*Exercise goal*
This exercise calls for every record to be set down exactly.

*Records*
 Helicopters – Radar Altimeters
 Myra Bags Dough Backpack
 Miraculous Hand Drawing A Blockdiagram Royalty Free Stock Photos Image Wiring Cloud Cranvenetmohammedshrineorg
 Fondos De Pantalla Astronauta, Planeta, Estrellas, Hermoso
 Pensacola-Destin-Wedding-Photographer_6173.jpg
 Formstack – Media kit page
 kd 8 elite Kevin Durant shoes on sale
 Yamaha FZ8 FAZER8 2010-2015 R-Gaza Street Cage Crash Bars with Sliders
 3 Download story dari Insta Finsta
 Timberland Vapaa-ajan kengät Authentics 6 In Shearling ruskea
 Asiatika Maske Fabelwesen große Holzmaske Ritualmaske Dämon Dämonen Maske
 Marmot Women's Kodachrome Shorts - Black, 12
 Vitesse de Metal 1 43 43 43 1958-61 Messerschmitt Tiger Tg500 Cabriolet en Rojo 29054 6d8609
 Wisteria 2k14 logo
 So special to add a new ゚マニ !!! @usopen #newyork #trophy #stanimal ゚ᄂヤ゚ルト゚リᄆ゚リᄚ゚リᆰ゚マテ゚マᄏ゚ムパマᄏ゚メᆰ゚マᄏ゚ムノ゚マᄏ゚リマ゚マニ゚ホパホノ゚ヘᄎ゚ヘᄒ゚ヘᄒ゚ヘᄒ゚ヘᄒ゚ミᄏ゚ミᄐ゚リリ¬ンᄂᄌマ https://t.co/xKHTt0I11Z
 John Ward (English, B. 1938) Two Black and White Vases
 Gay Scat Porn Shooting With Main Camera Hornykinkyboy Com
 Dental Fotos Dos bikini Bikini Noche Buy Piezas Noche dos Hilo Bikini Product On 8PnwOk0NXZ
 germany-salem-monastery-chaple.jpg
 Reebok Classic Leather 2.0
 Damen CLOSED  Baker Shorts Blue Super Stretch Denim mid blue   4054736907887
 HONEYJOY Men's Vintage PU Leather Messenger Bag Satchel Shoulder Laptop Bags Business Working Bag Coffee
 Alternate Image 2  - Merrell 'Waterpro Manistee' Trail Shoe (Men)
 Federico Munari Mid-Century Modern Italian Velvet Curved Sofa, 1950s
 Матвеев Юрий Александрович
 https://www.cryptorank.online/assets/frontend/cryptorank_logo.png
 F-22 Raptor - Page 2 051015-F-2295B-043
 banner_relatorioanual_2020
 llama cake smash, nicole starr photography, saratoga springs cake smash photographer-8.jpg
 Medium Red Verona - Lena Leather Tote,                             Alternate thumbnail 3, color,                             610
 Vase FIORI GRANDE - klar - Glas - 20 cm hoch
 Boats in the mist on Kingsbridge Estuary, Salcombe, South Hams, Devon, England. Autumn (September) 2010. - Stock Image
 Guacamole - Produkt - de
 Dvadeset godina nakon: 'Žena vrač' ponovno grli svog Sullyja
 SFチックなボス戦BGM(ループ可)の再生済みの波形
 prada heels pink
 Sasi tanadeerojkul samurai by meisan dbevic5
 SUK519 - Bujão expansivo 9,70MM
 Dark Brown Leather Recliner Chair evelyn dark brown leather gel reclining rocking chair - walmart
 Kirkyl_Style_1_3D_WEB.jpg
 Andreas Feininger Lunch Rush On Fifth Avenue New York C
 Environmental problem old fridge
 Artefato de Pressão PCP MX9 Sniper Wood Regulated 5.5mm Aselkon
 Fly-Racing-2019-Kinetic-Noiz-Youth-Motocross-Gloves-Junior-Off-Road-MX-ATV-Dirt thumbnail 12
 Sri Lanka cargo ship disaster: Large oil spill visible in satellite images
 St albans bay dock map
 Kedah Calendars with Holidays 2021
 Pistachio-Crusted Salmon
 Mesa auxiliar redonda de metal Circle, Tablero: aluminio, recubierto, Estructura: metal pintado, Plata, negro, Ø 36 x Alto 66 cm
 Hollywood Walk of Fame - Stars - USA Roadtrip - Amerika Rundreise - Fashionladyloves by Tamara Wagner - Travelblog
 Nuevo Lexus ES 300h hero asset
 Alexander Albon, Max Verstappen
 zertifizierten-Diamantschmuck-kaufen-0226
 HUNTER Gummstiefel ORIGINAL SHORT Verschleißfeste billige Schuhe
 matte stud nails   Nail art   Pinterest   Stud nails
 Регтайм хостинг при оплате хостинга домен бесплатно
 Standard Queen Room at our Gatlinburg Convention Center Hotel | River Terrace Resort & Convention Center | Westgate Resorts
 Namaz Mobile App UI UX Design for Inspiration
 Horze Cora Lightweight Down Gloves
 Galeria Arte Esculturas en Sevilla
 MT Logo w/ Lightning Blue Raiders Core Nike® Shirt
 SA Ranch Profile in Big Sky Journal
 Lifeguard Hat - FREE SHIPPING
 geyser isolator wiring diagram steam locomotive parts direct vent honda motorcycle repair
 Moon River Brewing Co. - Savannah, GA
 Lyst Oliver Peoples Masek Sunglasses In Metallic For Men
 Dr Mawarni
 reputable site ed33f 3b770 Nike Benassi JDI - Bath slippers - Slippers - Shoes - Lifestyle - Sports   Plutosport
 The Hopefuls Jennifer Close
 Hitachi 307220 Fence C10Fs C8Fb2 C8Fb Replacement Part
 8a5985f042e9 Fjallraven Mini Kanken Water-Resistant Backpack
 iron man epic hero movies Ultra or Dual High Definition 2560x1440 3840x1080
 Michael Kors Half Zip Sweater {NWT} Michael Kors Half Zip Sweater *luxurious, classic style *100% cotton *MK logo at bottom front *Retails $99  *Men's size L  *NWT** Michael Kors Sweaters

*Exercise result*
 Helicopters – Radar Altimeters
 Myra Bags Dough Backpack
 Miraculous Hand Drawing A Blockdiagram Royalty Free Stock Photos Image Wiring Cloud Cranvenetmohammedshrineorg
 Fondos De Pantalla Astronauta, Planeta, Estrellas, Hermoso
 Pensacola-Destin-Wedding-Photographer_6173.jpg
 Formstack – Media kit page
 kd 8 elite Kevin Durant shoes on sale
 Yamaha FZ8 FAZER8 2010-2015 R-Gaza Street Cage Crash Bars with Sliders
 3 Download story dari Insta Finsta
 Timberland Vapaa-ajan kengät Authentics 6 In Shearling ruskea
 Asiatika Maske Fabelwesen große Holzmaske Ritualmaske Dämon Dämonen Maske
 Marmot Women's Kodachrome Shorts - Black, 12
 Vitesse de Metal 1 43 43 43 1958-61 Messerschmitt Tiger Tg500 Cabriolet en Rojo 29054 6d8609
 Wisteria 2k14 logo
 So special to add a new ゚マニ !!! @usopen #newyork #trophy #stanimal ゚ᄂヤ゚ルト゚リᄆ゚リᄚ゚リᆰ゚マテ゚マᄏ゚ムパマᄏ゚メᆰ゚マᄏ゚ムノ゚マᄏ゚リマ゚マニ゚ホパホノ゚ヘᄎ゚ヘᄒ゚ヘᄒ゚ヘᄒ゚ヘᄒ゚ミᄏ゚ミᄐ゚リリ¬ンᄂᄌマ https://t.co/xKHTt0I11Z
 John Ward (English, B. 1938) Two Black and White Vases
 Gay Scat Porn Shooting With Main Camera Hornykinkyboy Com
 Dental Fotos Dos bikini Bikini Noche Buy Piezas Noche dos Hilo Bikini Product On 8PnwOk0NXZ
 germany-salem-monastery-chaple.jpg
 Reebok Classic Leather 2.0
 Damen CLOSED  Baker Shorts Blue Super Stretch Denim mid blue   4054736907887
 HONEYJOY Men's Vintage PU Leather Messenger Bag Satchel Shoulder Laptop Bags Business Working Bag Coffee
 Alternate Image 2  - Merrell 'Waterpro Manistee' Trail Shoe (Men)
 Federico Munari Mid-Century Modern Italian Velvet Curved Sofa, 1950s
 Матвеев Юрий Александрович
 https://www.cryptorank.online/assets/frontend/cryptorank_logo.png
 F-22 Raptor - Page 2 051015-F-2295B-043
 banner_relatorioanual_2020
 llama cake smash, nicole starr photography, saratoga springs cake smash photographer-8.jpg
 Medium Red Verona - Lena Leather Tote,                             Alternate thumbnail 3, color,                             610
 Vase FIORI GRANDE - klar - Glas - 20 cm hoch
 Boats in the mist on Kingsbridge Estuary, Salcombe, South Hams, Devon, England. Autumn (September) 2010. - Stock Image
 Guacamole - Produkt - de
 Dvadeset godina nakon: 'Žena vrač' ponovno grli svog Sullyja
 SFチックなボス戦BGM(ループ可)の再生済みの波形
 prada heels pink
 Sasi tanadeerojkul samurai by meisan dbevic5
 SUK519 - Bujão expansivo 9,70MM
 Dark Brown Leather Recliner Chair evelyn dark brown leather gel reclining rocking chair - walmart
 Kirkyl_Style_1_3D_WEB.jpg
 Andreas Feininger Lunch Rush On Fifth Avenue New York C
 Environmental problem old fridge
 Artefato de Pressão PCP MX9 Sniper Wood Regulated 5.5mm Aselkon
 Fly-Racing-2019-Kinetic-Noiz-Youth-Motocross-Gloves-Junior-Off-Road-MX-ATV-Dirt thumbnail 12
 Sri Lanka cargo ship disaster: Large oil spill visible in satellite images
 St albans bay dock map
 Kedah Calendars with Holidays 2021
 Pistachio-Crusted Salmon
 Mesa auxiliar redonda de metal Circle, Tablero: aluminio, recubierto, Estructura: metal pintado, Plata, negro, Ø 36 x Alto 66 cm
 Hollywood Walk of Fame - Stars - USA Roadtrip - Amerika Rundreise - Fashionladyloves by Tamara Wagner - Travelblog
 Nuevo Lexus ES 300h hero asset
 Alexander Albon, Max Verstappen
 zertifizierten-Diamantschmuck-kaufen-0226
 HUNTER Gummstiefel ORIGINAL SHORT Verschleißfeste billige Schuhe
 matte stud nails   Nail art   Pinterest   Stud nails
 Регтайм хостинг при оплате хостинга домен бесплатно
 Standard Queen Room at our Gatlinburg Convention Center Hotel | River Terrace Resort & Convention Center | Westgate Resorts
 Namaz Mobile App UI UX Design for Inspiration
 Horze Cora Lightweight Down Gloves
 Galeria Arte Esculturas en Sevilla
 MT Logo w/ Lightning Blue Raiders Core Nike® Shirt
 SA Ranch Profile in Big Sky Journal
 Lifeguard Hat - FREE SHIPPING
 geyser isolator wiring diagram steam locomotive parts direct vent honda motorcycle repair
 Moon River Brewing Co. - Savannah, GA
 Lyst Oliver Peoples Masek Sunglasses In Metallic For Men
 Dr Mawarni
 reputable site ed33f 3b770 Nike Benassi JDI - Bath slippers - Slippers - Shoes - Lifestyle - Sports   Plutosport
 The Hopefuls Jennifer Close
 Hitachi 307220 Fence C10Fs C8Fb2 C8Fb Replacement Part
 8a5985f042e9 Fjallraven Mini Kanken Water-Resistant Backpack
 iron man epic hero movies Ultra or Dual High Definition 2560x1440 3840x1080
 Michael Kors Half Zip Sweater {NWT} Michael Kors Half Zip Sweater *luxurious, classic style *100% cotton *MK logo at bottom front *Retails $99  *Men's size L  *NWT** Michael Kors Sweaters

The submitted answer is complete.